Однажды Спиридов сидел в своем углу, погруженный в глубокую задумчивость. В том положении, в каком он находился, ему не оставалось ничего другого, как думать. Сидя неподвижно по нескольку часов, он перебирал в своем уме все мелочи его прежней жизни, и многое ему теперь казалось в ином, чем прежде, свете. Чаще всего он думал об Элен, но в настоящем состоянии его духа он уже не чувствовал того слепого к ней стремления, какое было у него раньше и под влиянием которого он так необдуманно, по-ребячески пошел на явную опасность. Не было ли это с его стороны дон-кихотством, даже мало и оцененным?

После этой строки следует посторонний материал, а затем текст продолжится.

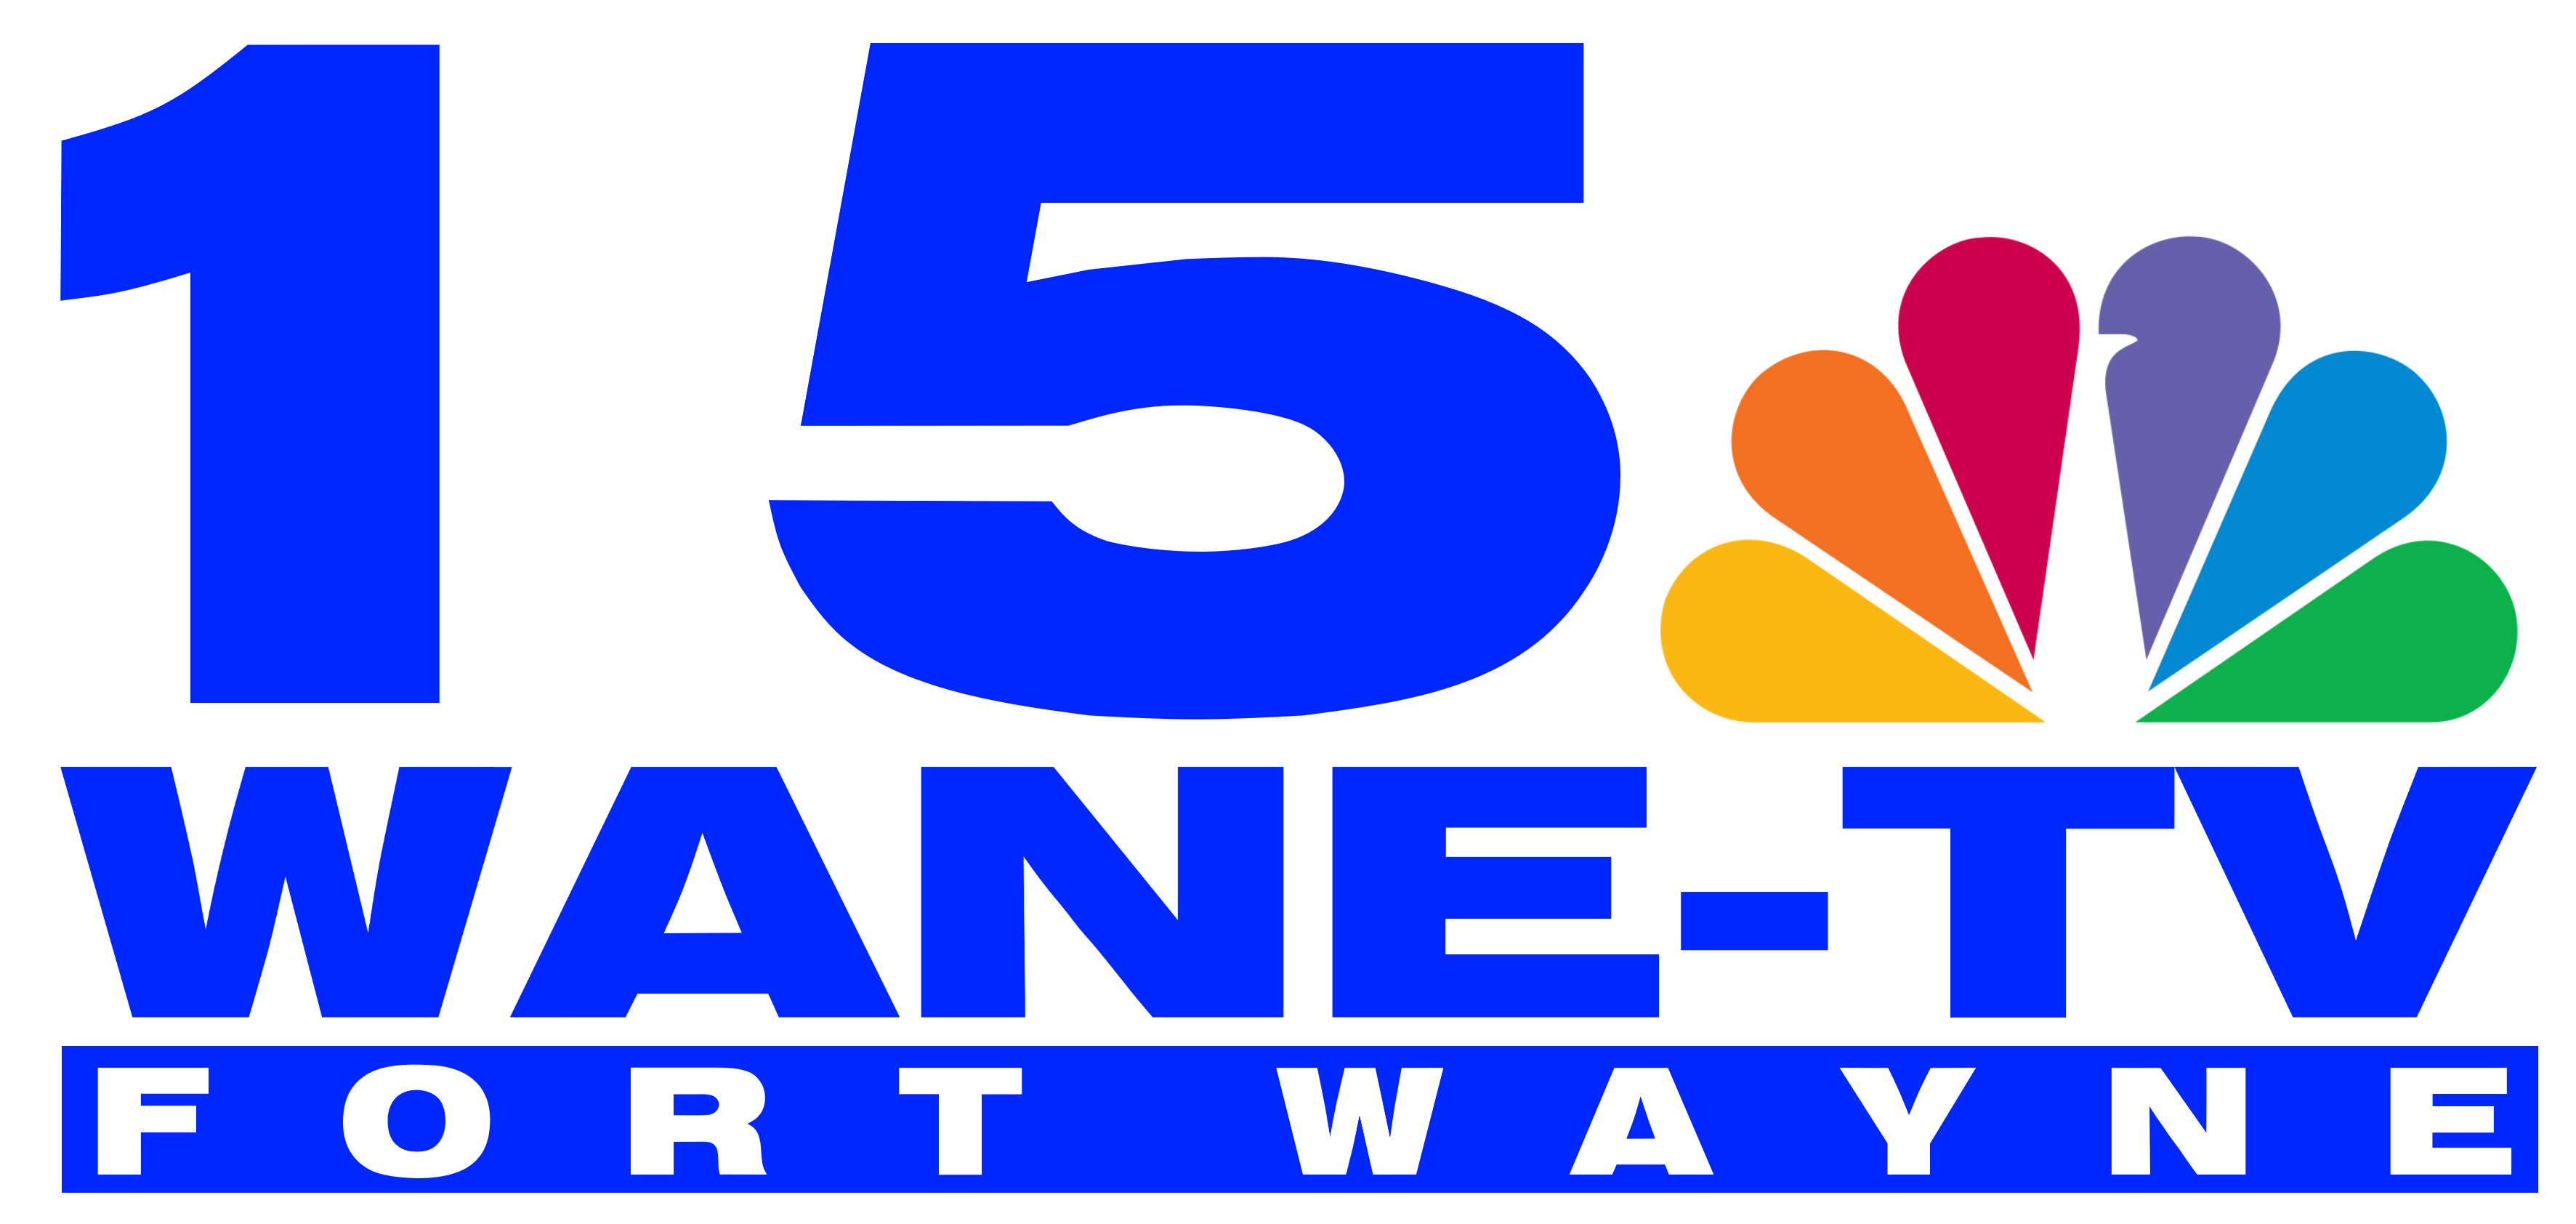 AlternateHistory.com's WANE-TV logo #1.png

В то время когда он, как животное, сидит на цепи, терпит невероятные лишения, Элен утопает в роскоши и удовольствиях, окруженная блестящей свитой поклонников… Может быть, она уже забыла о нем думать… Письмо, посланное ему вскоре после смерти мужа, ничего не доказывает… тогда она была поражена внезапностью… Почувствовав свободу, она инстинктивно обратилась прежде всех к тому, кто один был более или менее близок ей в тяжелые годы ее супружества… Это так естественно… Но за это время она, наверно, успела оглядеться, прийти в себя, жизнь ворвалась к ней в ее уединение, захватила ее… Красавица вдова, обладательница огромного состояния, она, хотя бы и желала, не могла отговориться от светской молодежи, от толпы ухаживателей и претендентов. Кто поручится, не заронена ли уже кем-нибудь из них в ее сердце искра симпатии, искра, легко могущая обратиться в пламя?.. Но если это случится, то как глуп, смешон он, Спиридов, холодный, не увлекавшийся никем баловень женщин, в качестве забытого любовника, да еще на цепи.

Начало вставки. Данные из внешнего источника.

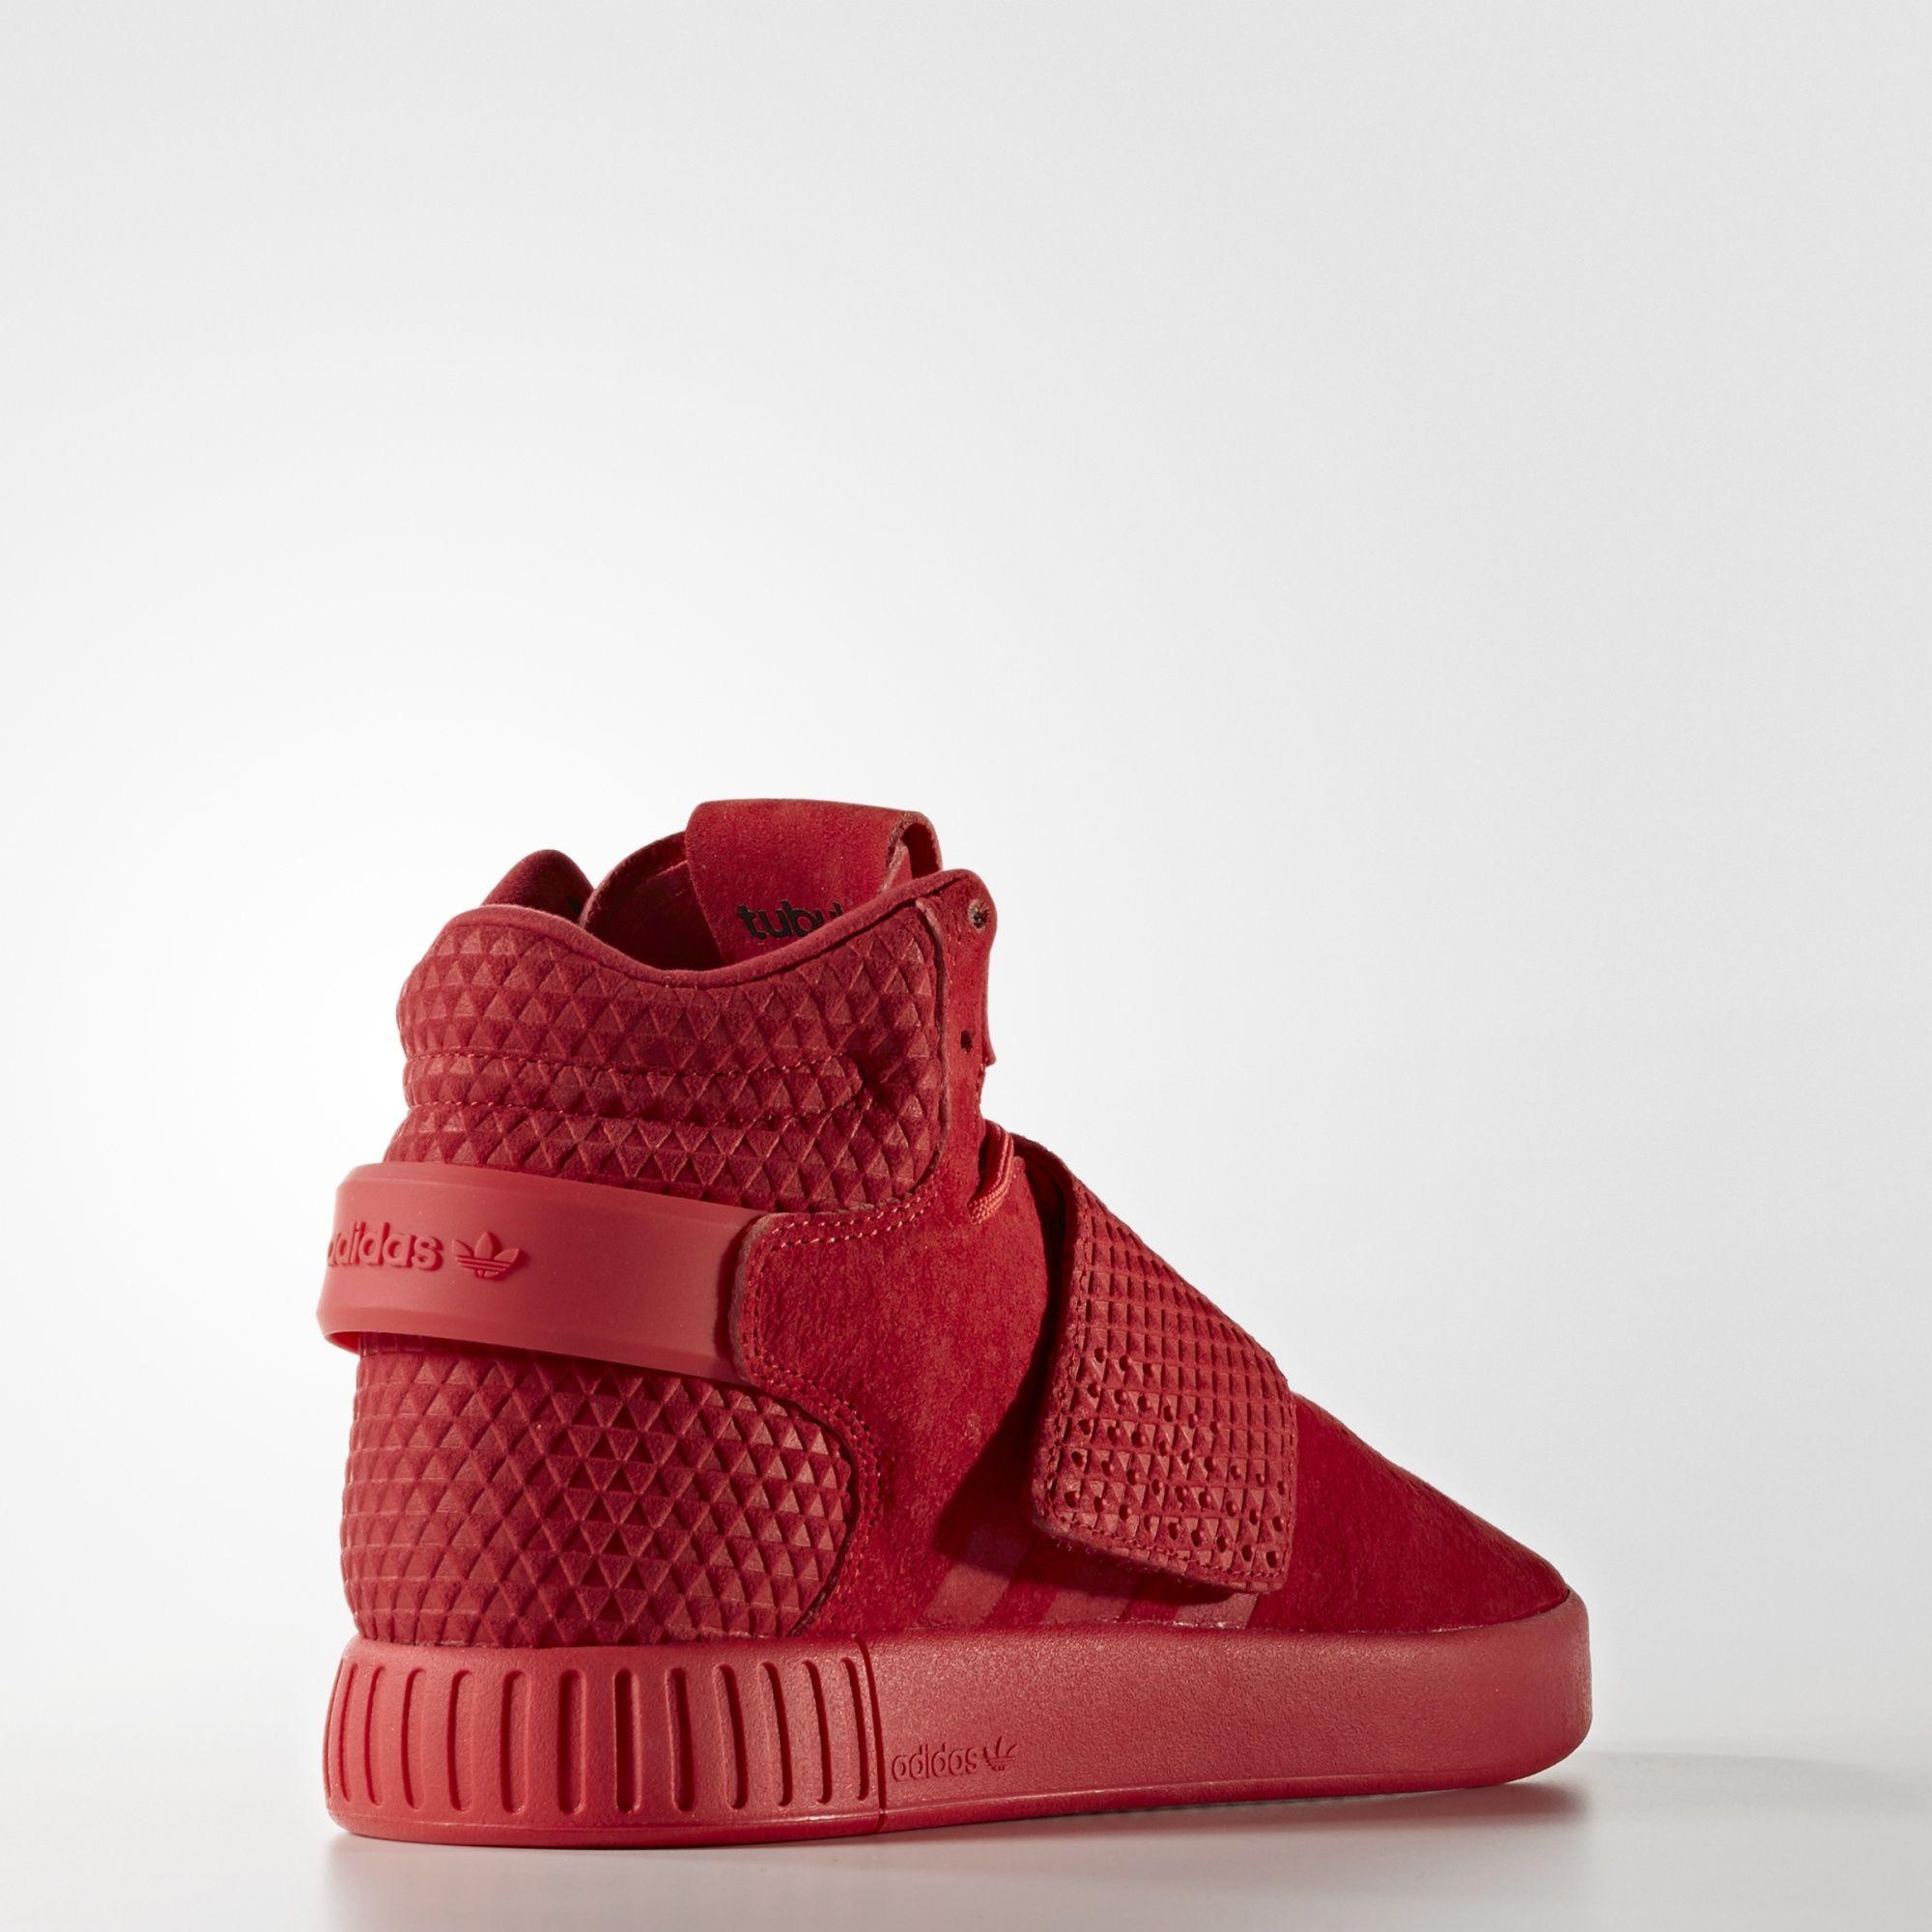 adidas tubular invader strap rouge

При этой мысли у Петра Андреевича пробежали мурашки по телу и помимо его воли крепло сознание, что он слишком продешевил.

"Разве стоит, — спрашивал он себя, — любовь женщины, какова бы она ни была, тех мук, какие я испытываю теперь? Мук не столько физических, сколько нравственных? Я, который не мог заснуть, если на ночь не оботрусь губкой, смоченной водой с одеколоном, уже два месяца не мыл ни лица, ни рук. Хламида, надетая на меня, истлела и возбудила бы брезгливость в моей охотничьей собаке… Паразиты заживо пожирают меня, третий месяц я не знаю, что такое горячая пища, принужденный довольствоваться простой водой и черствыми чуреками, бросаемыми мне прямо на пол, как собаке… Но и все эти страдания ничто в сравнении с теми унижениями, каким я подвергаюсь ежеминутно. Спина, плечи и голова горят от ударов, щедро отпускаемых моими тюремщиками, они плюют мне в лицо и поносят скверными словами вполне безнаказанно; какой-нибудь бродяга Агамалов, исполосованный шпицрутенами, постоянно получавший пощечины и зуботычины, теперь является вершителем моих судеб, принуждает писать подлое и глупое письмо и одним своим появлением наводит страх… Неужели все это могут искупить поцелуи даже такой красавицы, как Элен? Разумеется, нет… Эти самые поцелуи, но за несравненно более дешевую плату, доставались на долю ее мужа… Какой-нибудь франт, красивый и ловкий, может сорвать их между двумя гурами вальса, пользуясь ее минутным увлечением… Нет, нет, я расчелся слишком дорогой ценой, да еще вдобавок уплатив все полностью вперед…"

Последняя мысль особенно угнетала Спиридова. Он был в достаточной мере эгоист и слишком высоко ценил свое "я", чтобы не чувствовать что-то похожее на обиду, словно бы его на чем-то обсчитали или обмерили. Чем сильнее были его страдания, чем меньше было надежды на скорый выход из плена, тем это чувство развивалось все больше и больше, а по мере того как оно росло, слабел порыв страсти, охватив шей Спиридова при получении письма Двоекуровой.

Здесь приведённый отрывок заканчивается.